Ensuite, dans l’avis au lecteur, nous pouvons lire :
Ceux qui trouveront dans cét Ouvrage de la conformité avec quelques autres qui ont parû depuis six ou sept années, sont advertis qu’il estoit en estat d’estre mis au jour dés l’année 1650.
Or, dans A History of French Dramatic Literature in the Seventeenth Century35, H. C. Lancaster s’est penché sur ces « quelques autres » ouvrages en comparant la tragédie de Prade avec deux pièces représentées en 1658 et en 1661 et en reconnaissant, dans chacune de ces deux pièces, l’héritage d’Arsace. Il s’agit d’une tragi-comédie de Quinault, Amalasonte et d’une tragédie de Thomas Corneille, Camma, reine de Galatie. Selon Lancaster, Quinault et Corneille se seraient largement inspirés des scènes 8 et 9 de l’acte II de notre pièce pour y puiser un des ressorts de leurs intrigues. Rappelons en quoi consiste l’action de ces scènes, qui correspondent au point culminant de l’intrigue : Pharasmane tente de poignarder son frère qui se défend, mais le roi arrive à ce moment même, et voyant « le poignard tombant », est incapable de savoir qui des deux a commis l’attentat.
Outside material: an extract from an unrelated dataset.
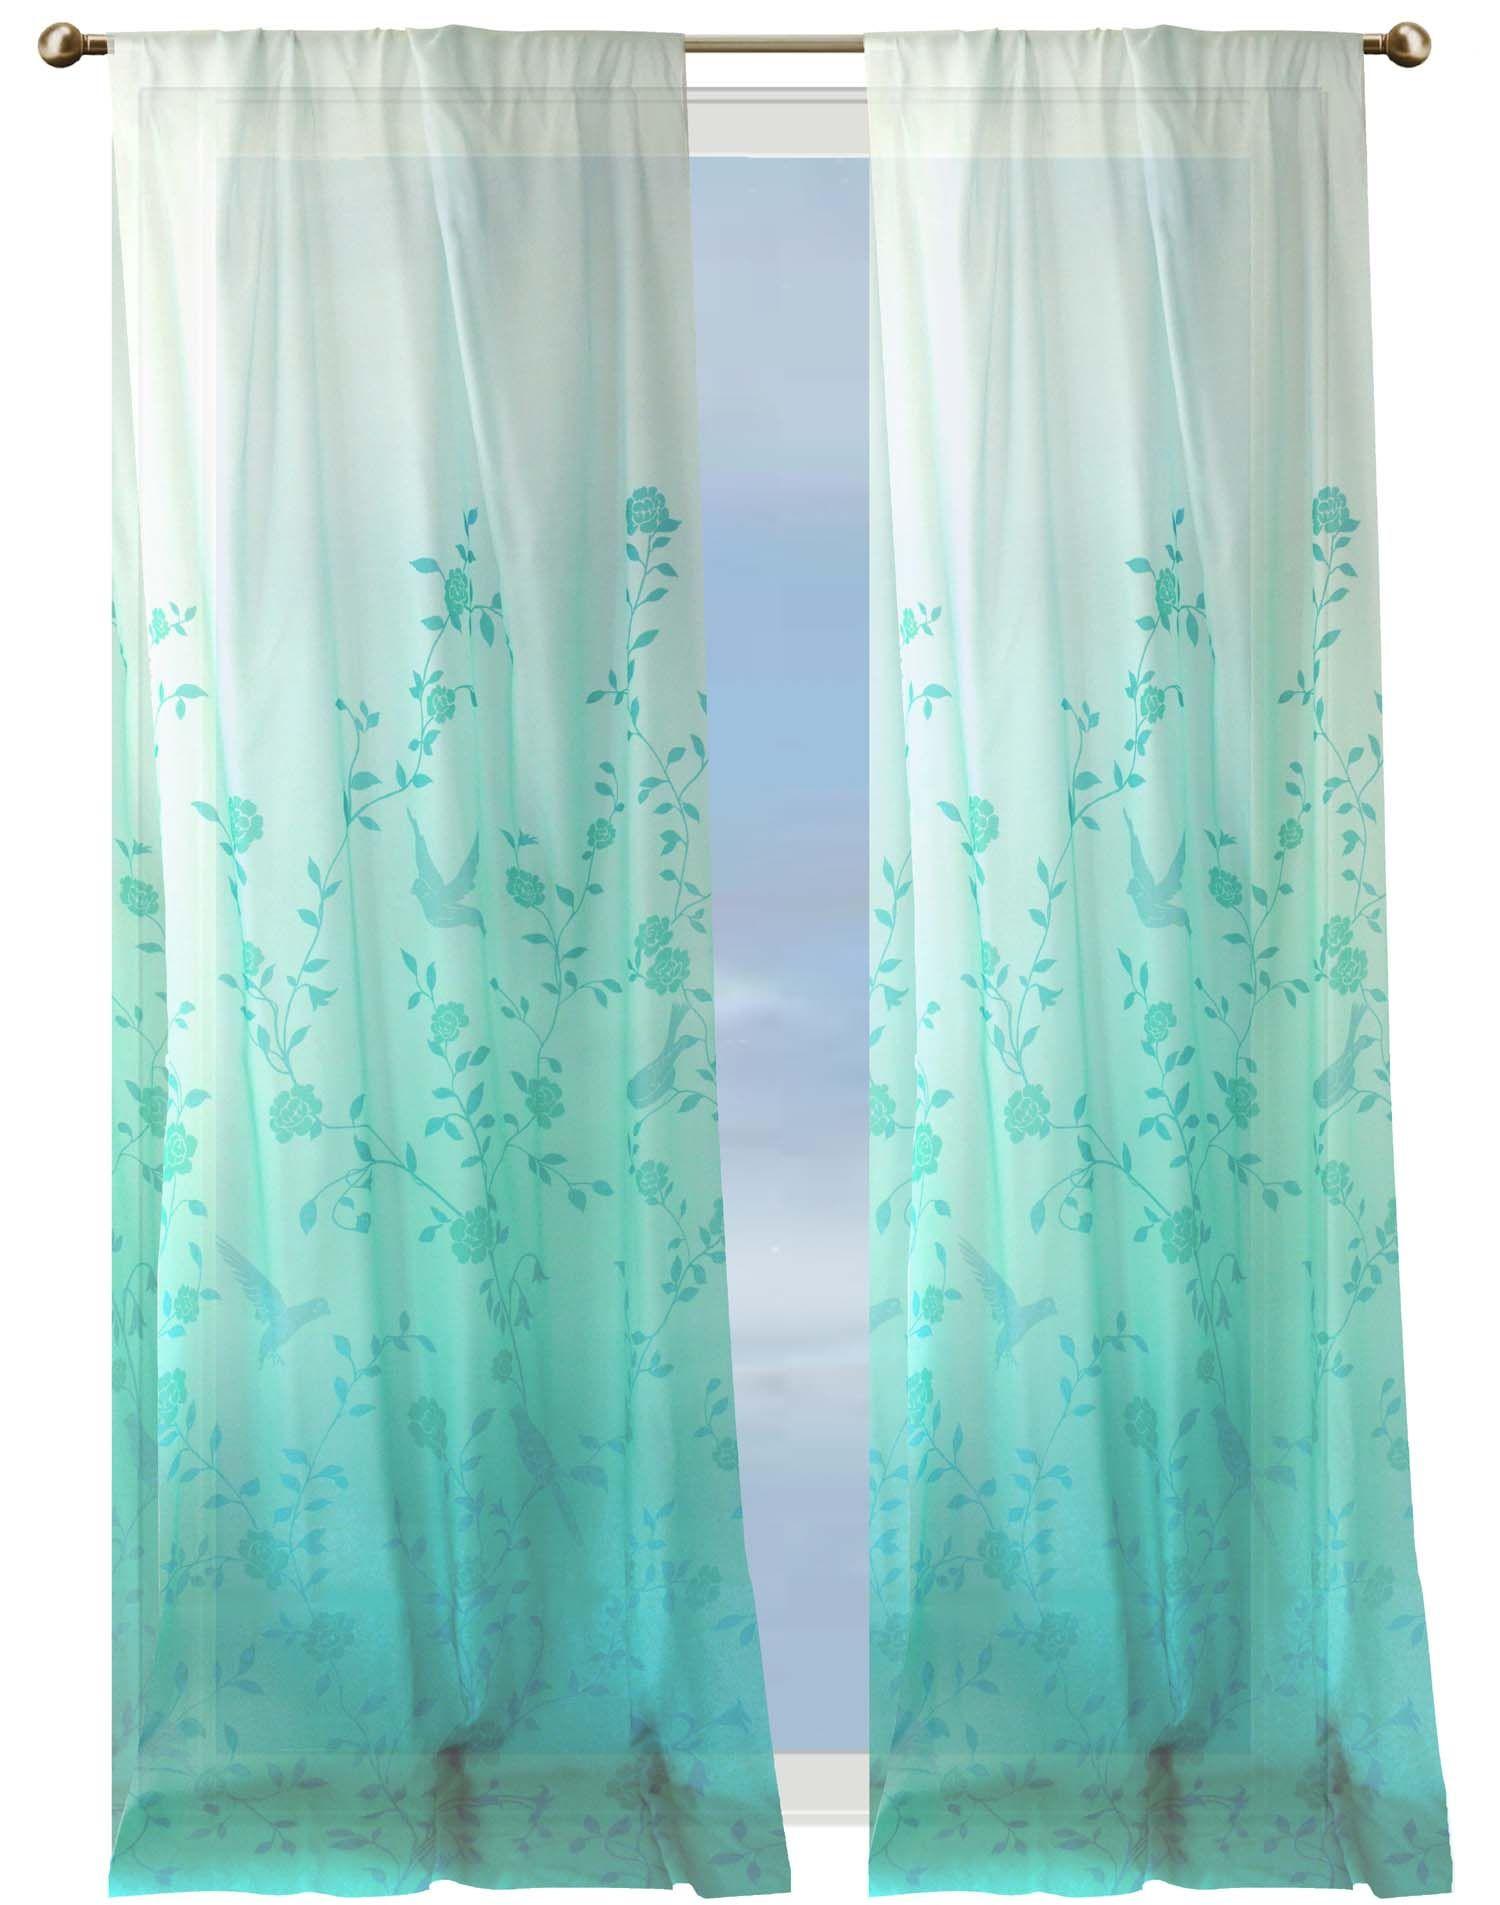 Bird sheer curtains - Bird Sanctuary Sheer Curtains

Dans Amalasonte, créée en 1658, à la scène 6 de l’acte IV, Amalfrède profite du sommeil d’Amalasonte pour lever l’épée sur elle dans un moment de jalousie envers son amant Théodat dont elle est éprise, mais ce-dernier l’arrête et Amalfrède laisse l’épée dans la main de Théodat juste avant le réveil de l’héroïne. Mais ici, si comme dans Arsace, l’héroïne surprend un crime manqué, après qu’il a eut lieu, elle voit l’arme non pas au sol mais dans la main de son amant, ce qui l’oblige à croire en la culpabilité de l’un tandis que dans Arsace la situation plonge le roi dans le doute le plus complet.
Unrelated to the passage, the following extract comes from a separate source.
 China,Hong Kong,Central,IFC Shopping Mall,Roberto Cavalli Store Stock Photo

De même, dans la scène 3 de l’acte III de Camma, reine de Galatie, alors qu’un personnage est en proie à une vision, l’héroïne éponyme tente de l’assassiner mais son amant accourt pour empêcher le crime, et « le poignard tombe sans que [Sinorix] puisse connoistre de quelle main ». Si Prade a voulu insister sur le fait que sa tragédie avait été composée bien avant sa représentation et lue devant des auteurs comme Quinault et Corneille, c’est sans doute par souci d’échapper aux reproches qu’on aurait pu lui faire de manquer d’originalité, ou du moins de les prévenir, tandis qu’au contraire Lancaster revendique Prade comme l’inventeur de cette situation scénique36.
Enfin, dans son article « Corneille, Brébeuf et Le Royer de Prade37 », Gilles Margoulies discute de l’attribution d’un même sonnet à Pierre Corneille et à Brébeuf38, attribution qui fut mentionnée par certains critiques39. Parmi eux, M. Harmand a remarqué qu’un vers de ce sonnet, qu’on trouve dans l’œuvre de Corneille : « Et son dernier soupir fut un soupir d’amour. », apparaît de manière détournée chez Brébeuf : « Et que le dernier de ma vie/Soit encore un soupir d’amour… ».
G. Margouliès a poursuivi l’étude de M. Harmand en précisant que ces vers provenaient en fait d’un vers de Prade :
Et son dernier soupir fut un soupir d’amour
tiré de sa tragédie La Victime d’Estat, ou la Mort de Plautius Silvanus, preteur romain40. Il a alors supposé que le grand Corneille avait pu avoir connaissance de la tragédie de Prade, sachant que son ami Rotrou avait composé des stances très élogieuses à son sujet.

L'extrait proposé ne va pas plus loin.